Was den obengenannten ›Caesar Act‹, das im Dezember 2019 verabschiedete US-Gesetz
namens ›Caesar Syrian Civilian Protection Act‹ angeht, so ist dessen
1. Stufe am 17. Juni 2020 in Kraft getreten; er sieht die extraterritoriale
Anwendung ökonomischer Zwangsmassnahmen gegen Syrien vor. Demnach haben
Staaten, Unternehmen oder Personen, die die syrische Regierung militärisch,
wirtschaftlich oder finanziell unterstützen, in den Vereinigten Staaten mit
empfindlichen Strafen zu rechnen. Wie US-Aussenminister Mike Pompeo zum
gleichen Zeitpunkt erklärte, sende dieser ›ein klares Signal‹ aus: «Kein auswärtiger Akteur solle mit der syrischen Regierung
Geschäfte machen». Über das Ziel dieser Massnahme, die dazu geeignet ist,
Syrien ökonomisch noch umfassender zu isolieren, hiess es im Februar in der
US-Fachzeitschrift ›Foreign Affairs»: «Zumindest könne sie die Regierung in
Damaskus noch weiter schwächen und die Instabilität in regierungskontrollierten
Gebieten verstärken». [2]
Die Rückkehr der Syrer in ihr Land
Am 7. August 2018 forderte Syrien die USA und die
EU dazu auf, die Wirtschaftssanktionen aufzuheben, damit alle syrischen
Flüchtlinge in ihre Heimat zurückkehren könnten.
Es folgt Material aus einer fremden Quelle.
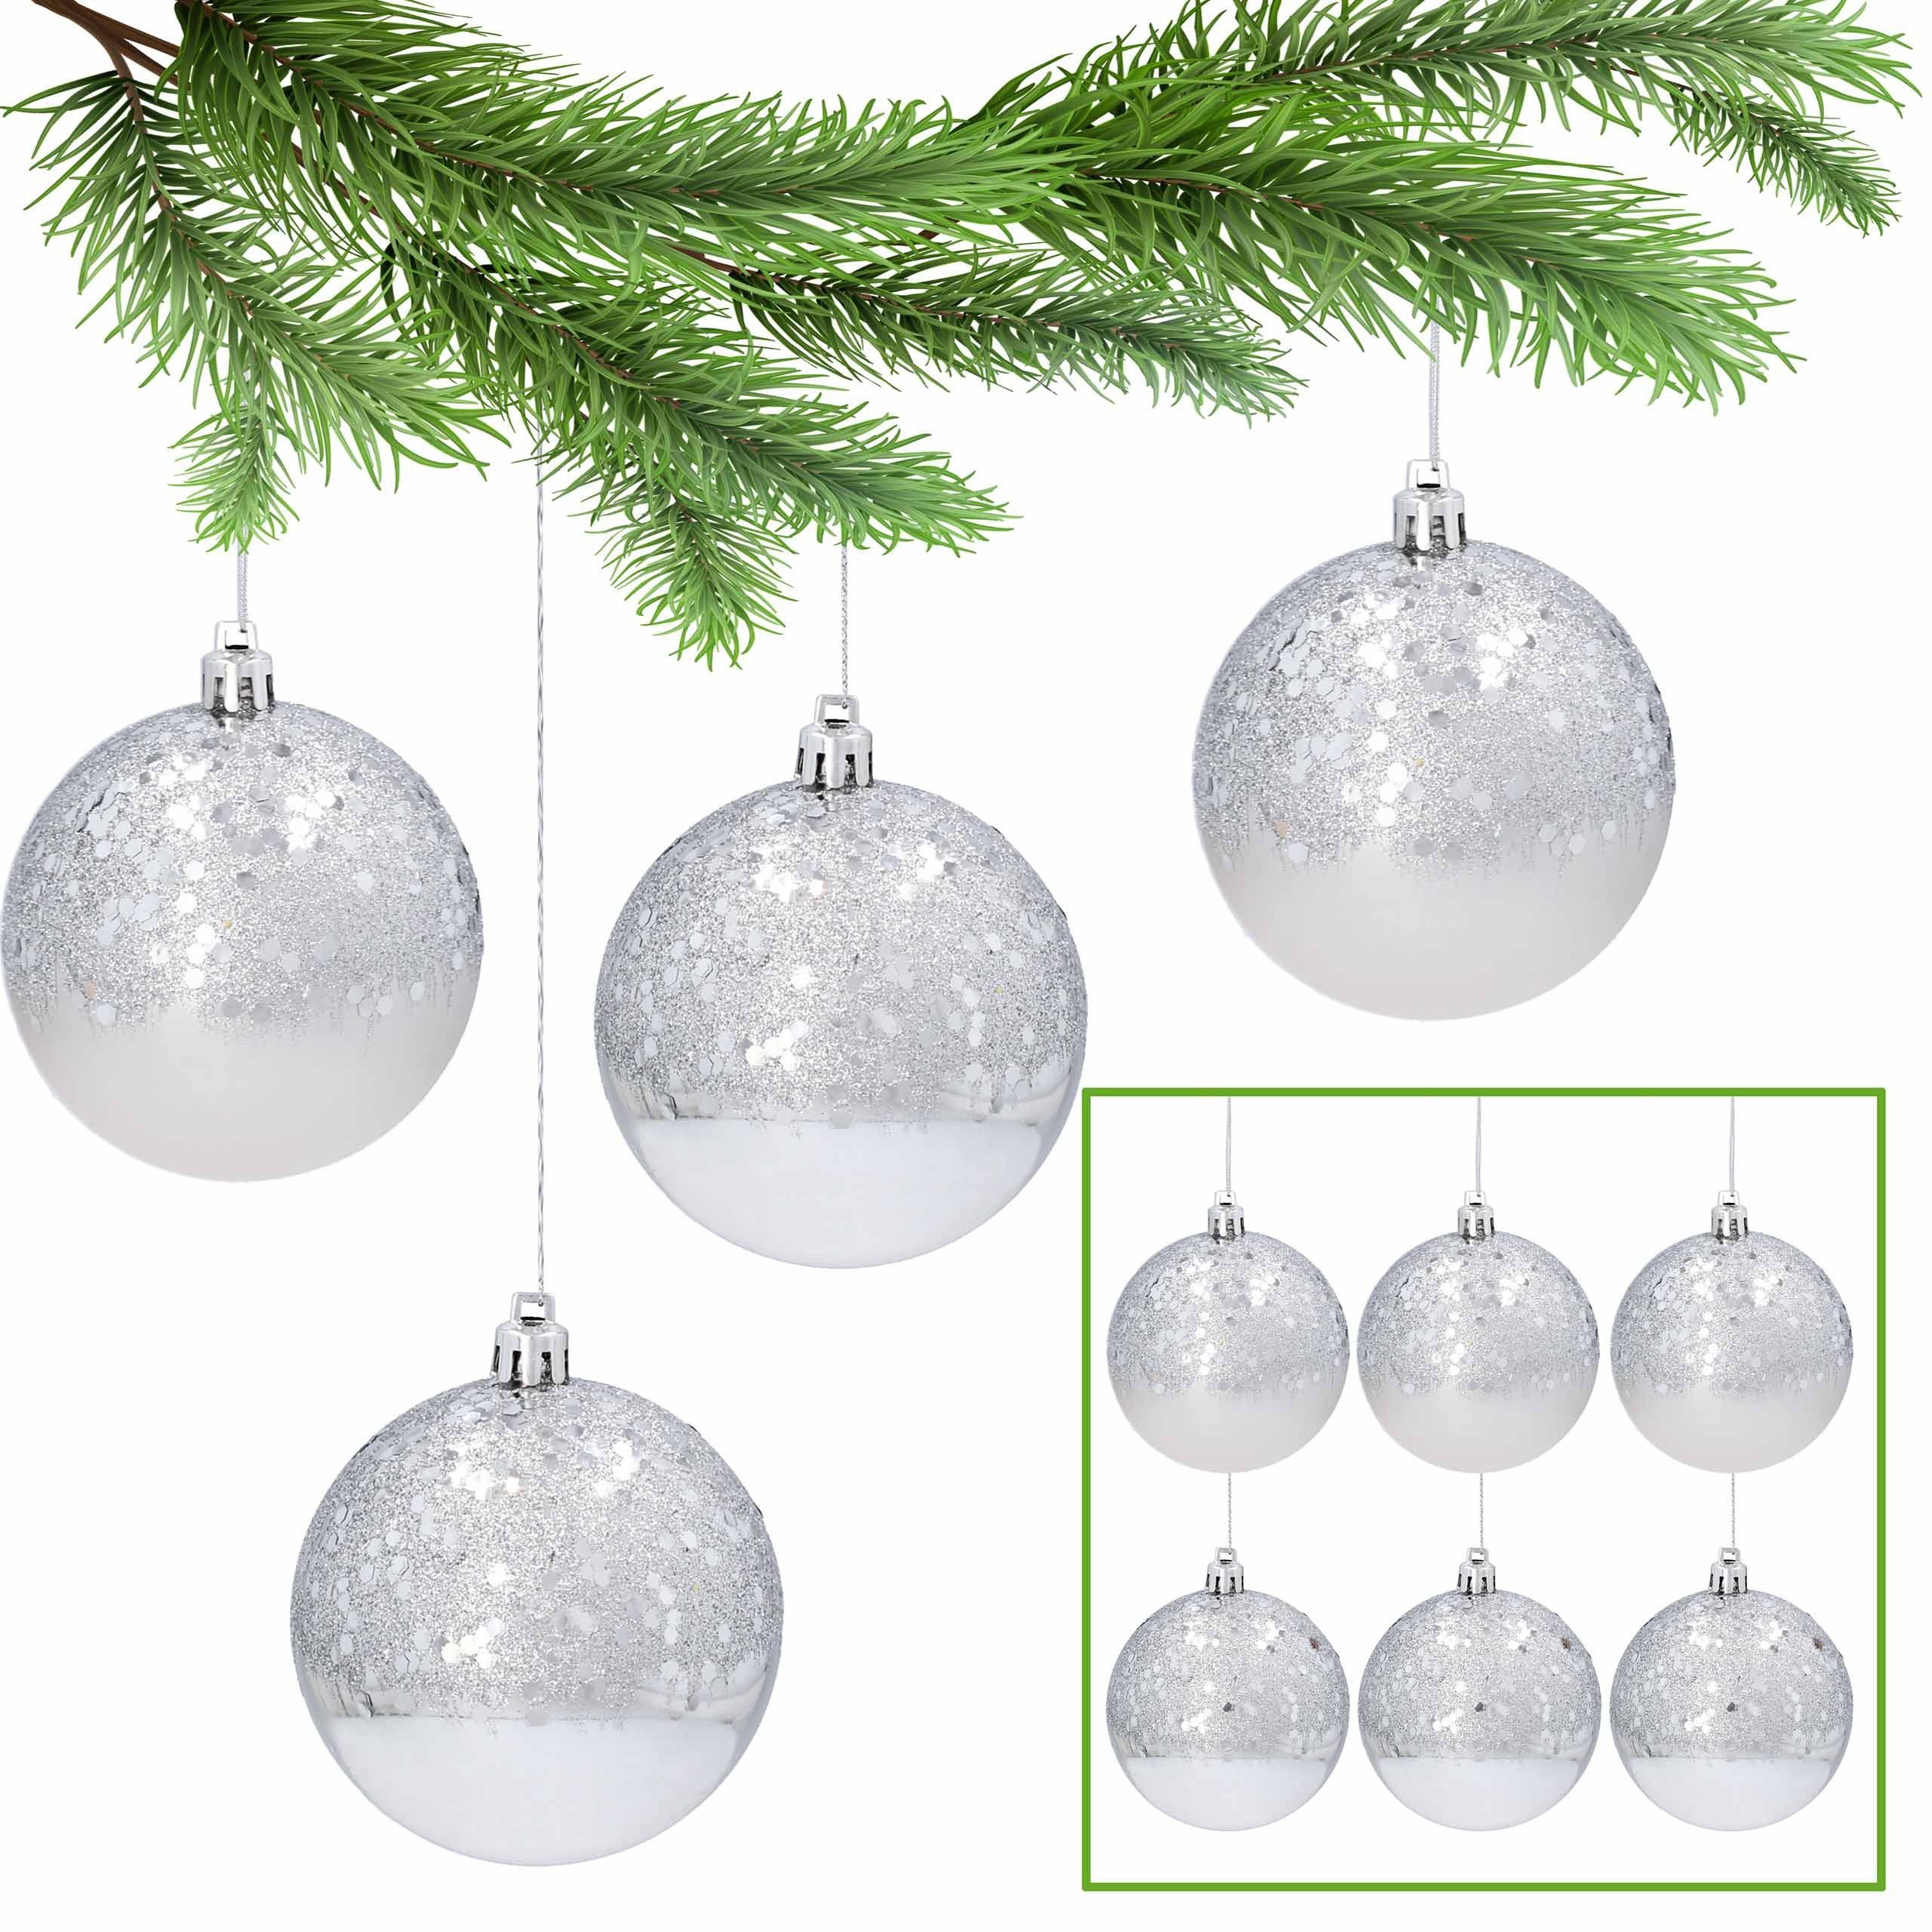 Sarcia.eu Weihnachtsbaumkugel Christbaumkugeln aus Kunststoff mit Glitzer 8cm, 6tlg. Pack 1

Zuvor hatte der syrische UN-Botschafter Baschar al-Jafaari am 5. 8. alle
syrischen Flüchtlinge im Ausland dazu aufgerufen, nach Syrien zurückzukehren. Al-Jaafari wies darauf hin,
dass die Rückkehr der syrischen Flüchtlinge nicht nur mit der syrischen
Regierung, sondern mit vielen Staaten zusammenhänge, die dem syrischen Volk
sogenannte ›einseitige Zwangsmassnahmen auferlegten‹, die nicht auf
Resolutionen des UN-Sicherheitsrats basierten. Über die Auswirkungen der
EU-Sanktionen gegen Syrien sagte Dr. Joseph Fares, Direktor des italienischen
Krankenhauses in Damaskus, im
vergangenen Jahr dem ›Middle East Eye‹: «Wir können Lachgas, das für Anästhetika benötigt wird,
nicht importieren, weil man sagt, dass damit Bomben hergestellt werden können.
Wir benötigen Helium, um unsere MRI-Scanner zu kühlen, aber wir dürfen keins
importieren. Viele MRI-Zentren sind in ganz Syrien ausser Betrieb». Früher wurde das italienische
Krankenhaus von Damaskus teilweise durch Spenden aus Italien finanziert, aber «wir
können kein Geld mehr aus Italien bekommen, weil keine Gelder an syrische
Banken überwiesen werden können». Die christlich-arabischen Würdenträger
Johannes X. von Antiochien, Gregor III. Laham und Mar Ignatius Aphrem II.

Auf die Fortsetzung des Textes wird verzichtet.